How to use the Activation Explorer

  1. Pick a function: relu, leaky, sigmoid, tanh, gelu or softplus.
  2. Enter an input value x.
  3. Read f(x) and the derivative, which update as you type.
  4. Use the sample values at -2, -1, 0, 1 and 2 to see the shape.
Worked example

An example, step by step

You enter

sigmoid, x = 1.5

The tool shows

sigmoid(1.5) = 0.81757, derivative 0.14915

FAQ

Questions about the Activation Explorer

Why is ReLU used more than sigmoid in hidden layers?

ReLU is cheap and keeps a gradient of 1 for positive inputs, while sigmoid saturates and its derivative is at most 0.25, which leads to vanishing gradients in deep networks.

What is the derivative of the sigmoid function?

It is s(x) times 1 minus s(x), where s is the sigmoid.
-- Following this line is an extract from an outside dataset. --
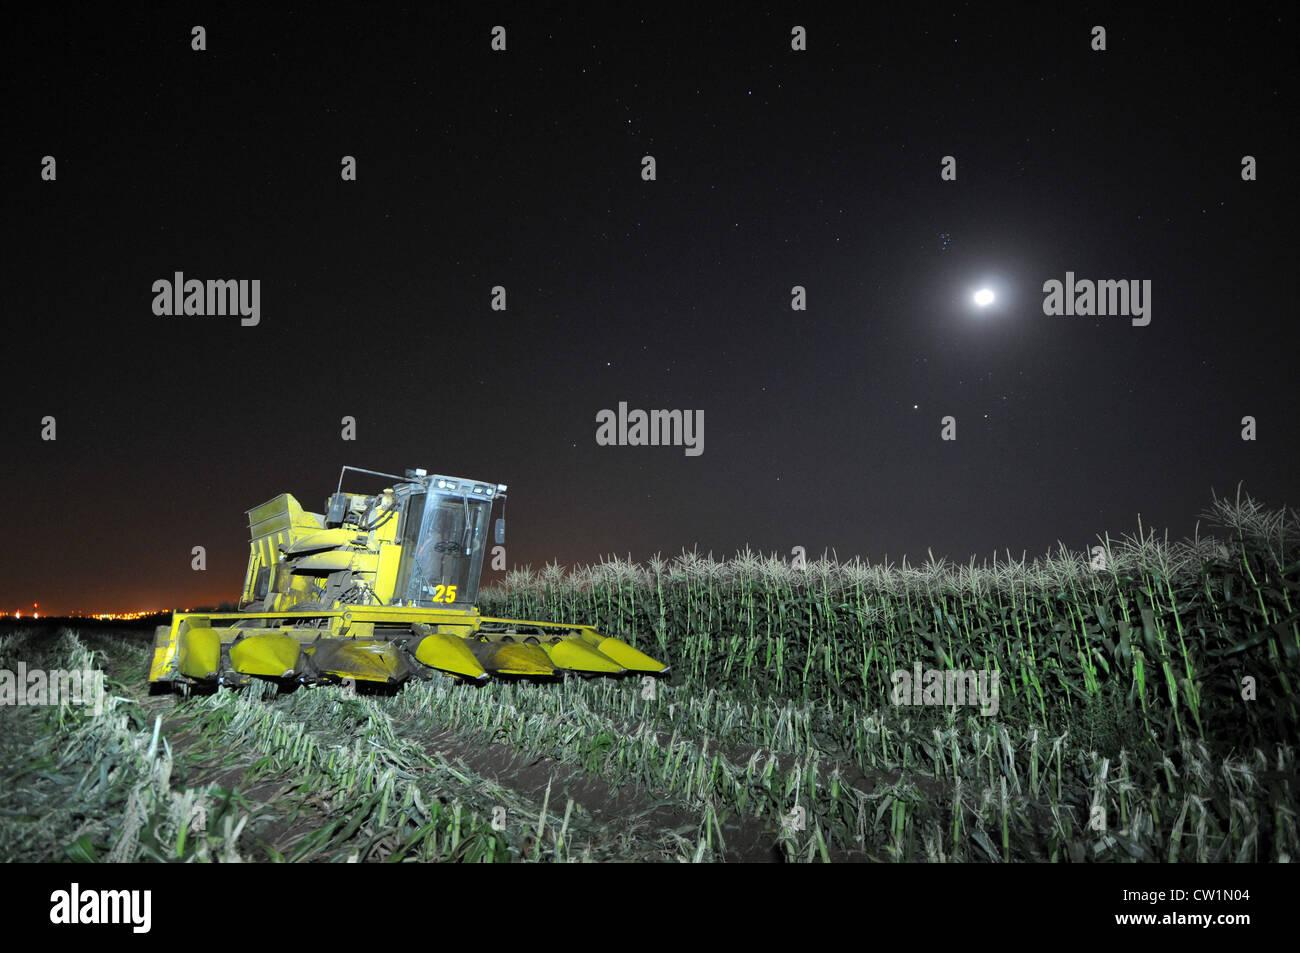 Mietitrebbia in un campo di mais di notte, vicino Kibbutz Mevo Hama nel Golan, foto di Shay prelievo Foto Stock
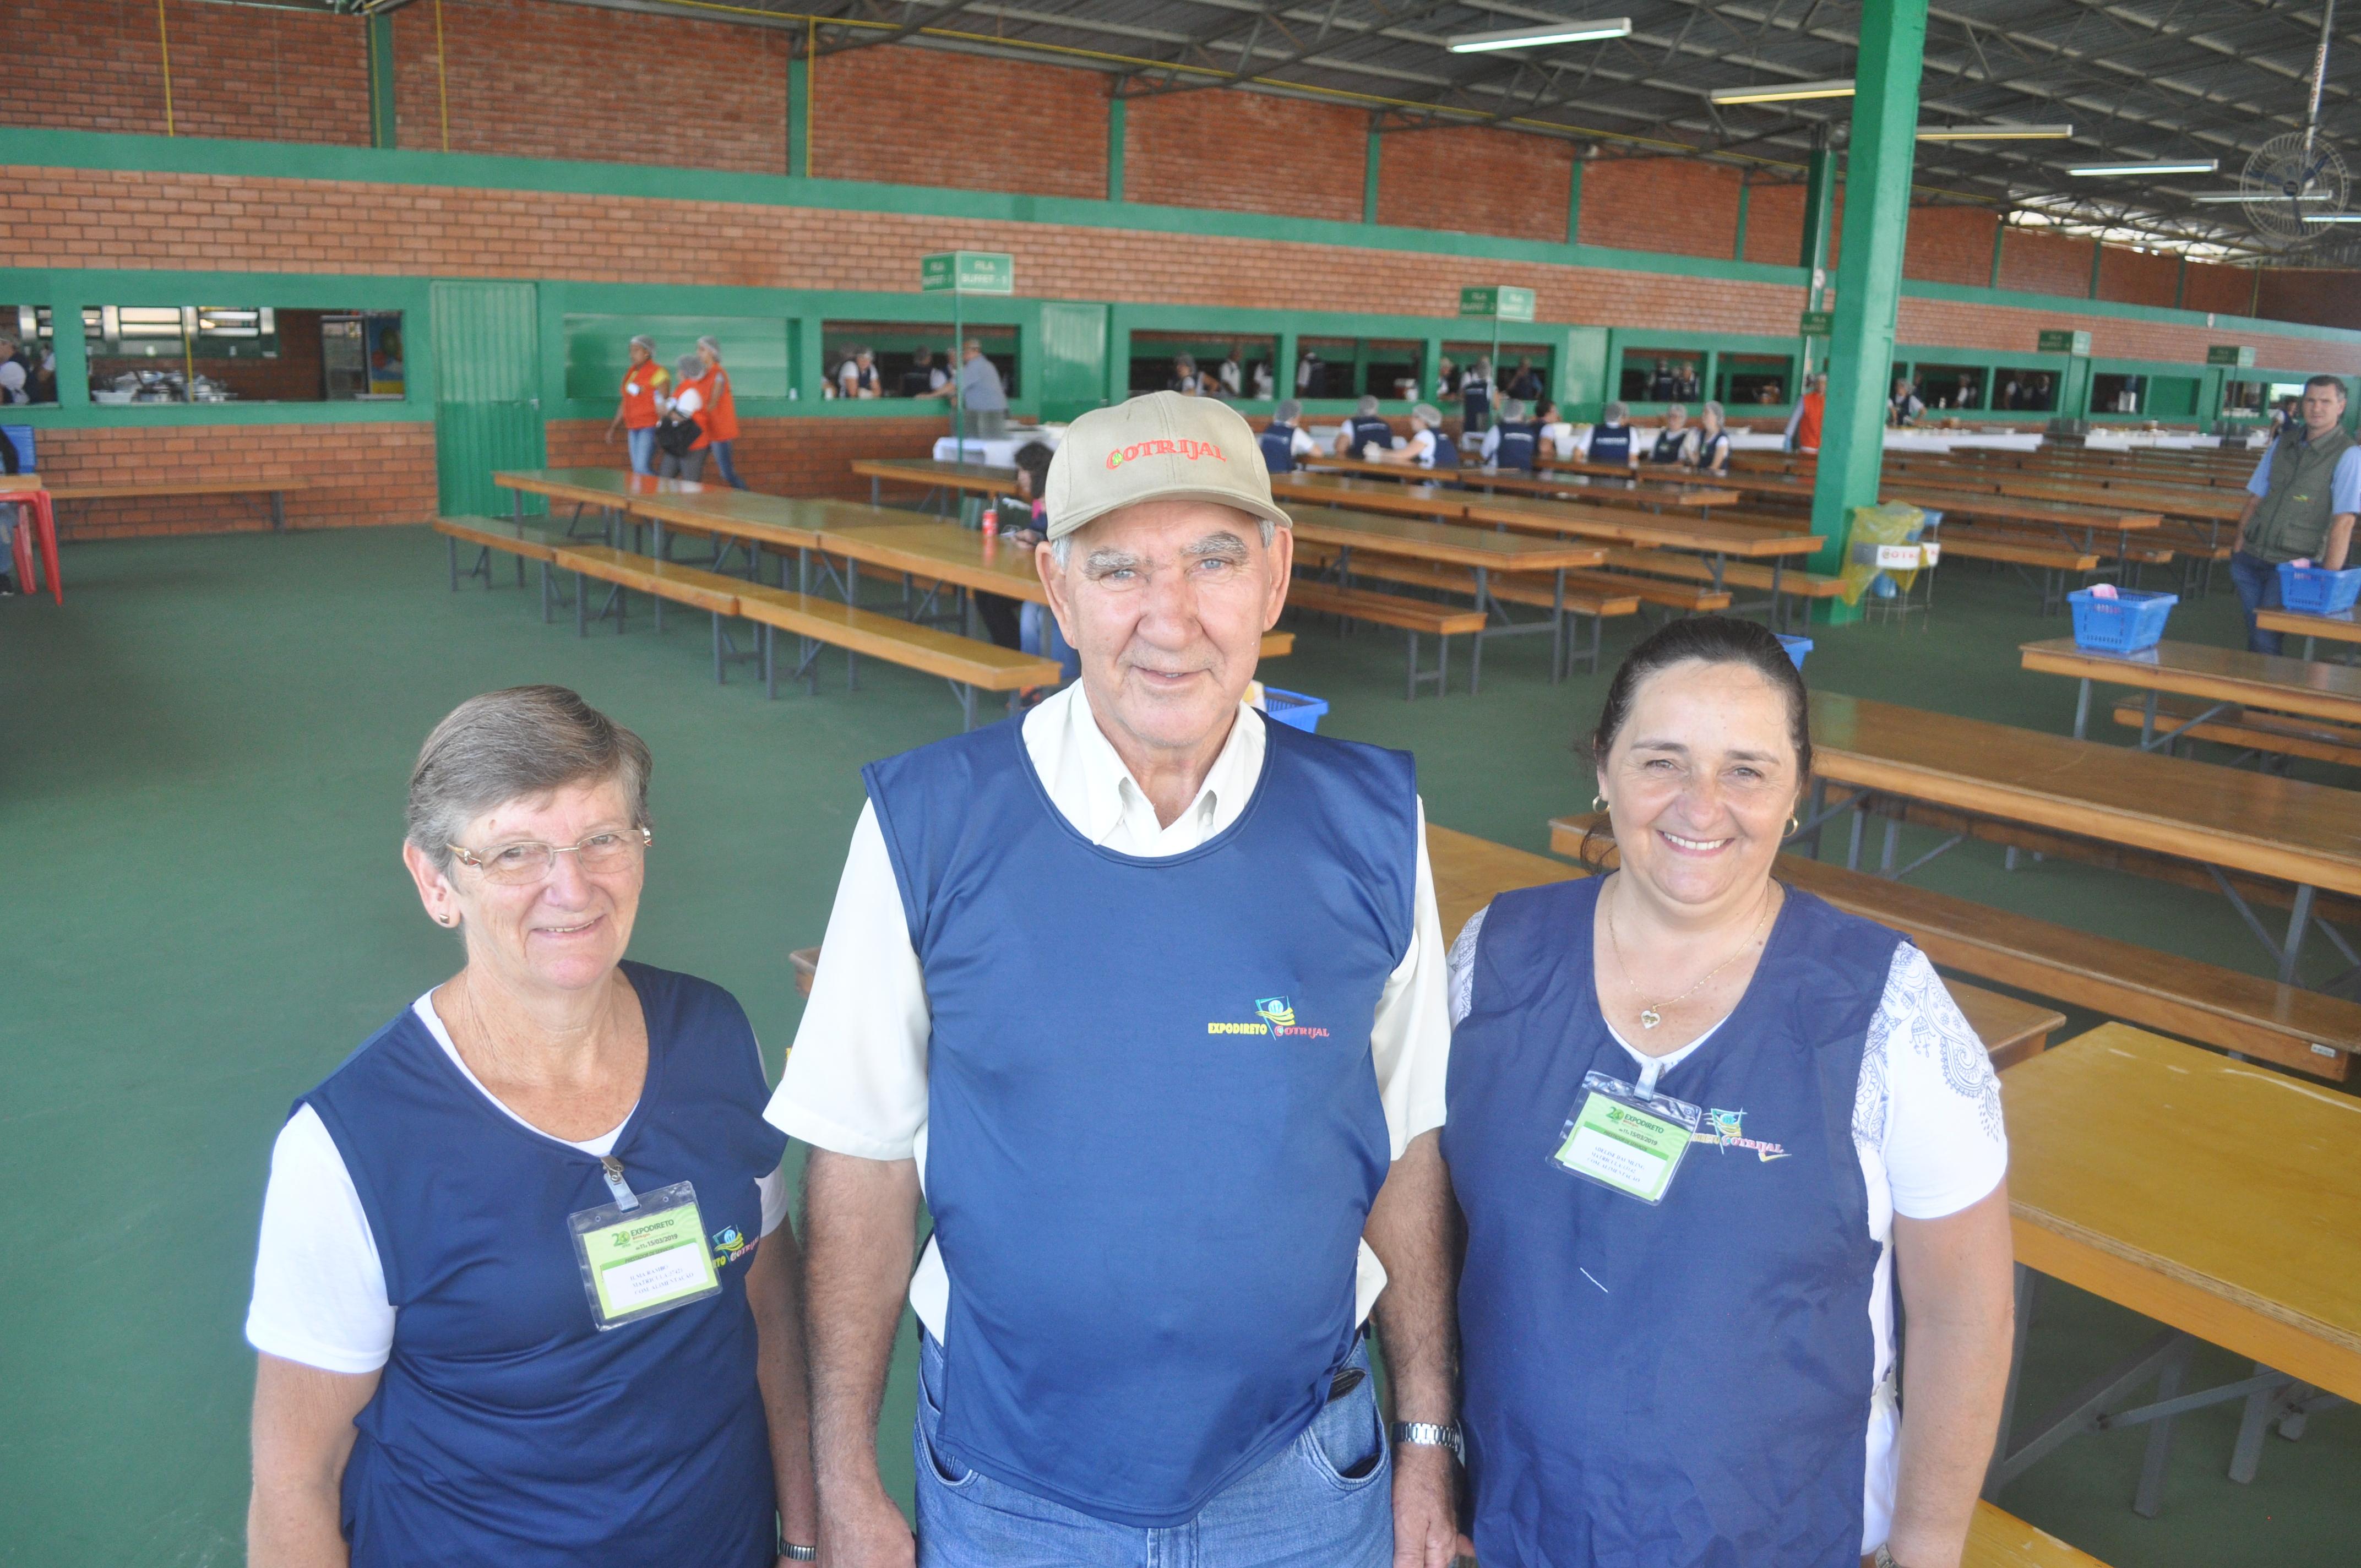 Da esquerda à direita: Ilma Rambo, Décio Kern e Adelise Daumling responsáveis, respectivamente, pelos setores de cozinha, assado e saladas

At x = 0 it peaks at 0.25.

What is GELU and where is it used?

GELU is a smooth ReLU-like function that weights inputs by their probability under a normal distribution. It is the default in Transformer models such as BERT and GPT; the tool uses the common tanh approximation.

Is the Activation Explorer free and private?

Yes. It is free, needs no sign-up and runs entirely in your browser, so what you type is not uploaded. You only sign in if you want to email a result to yourself or save it to your CareerByteCode profile.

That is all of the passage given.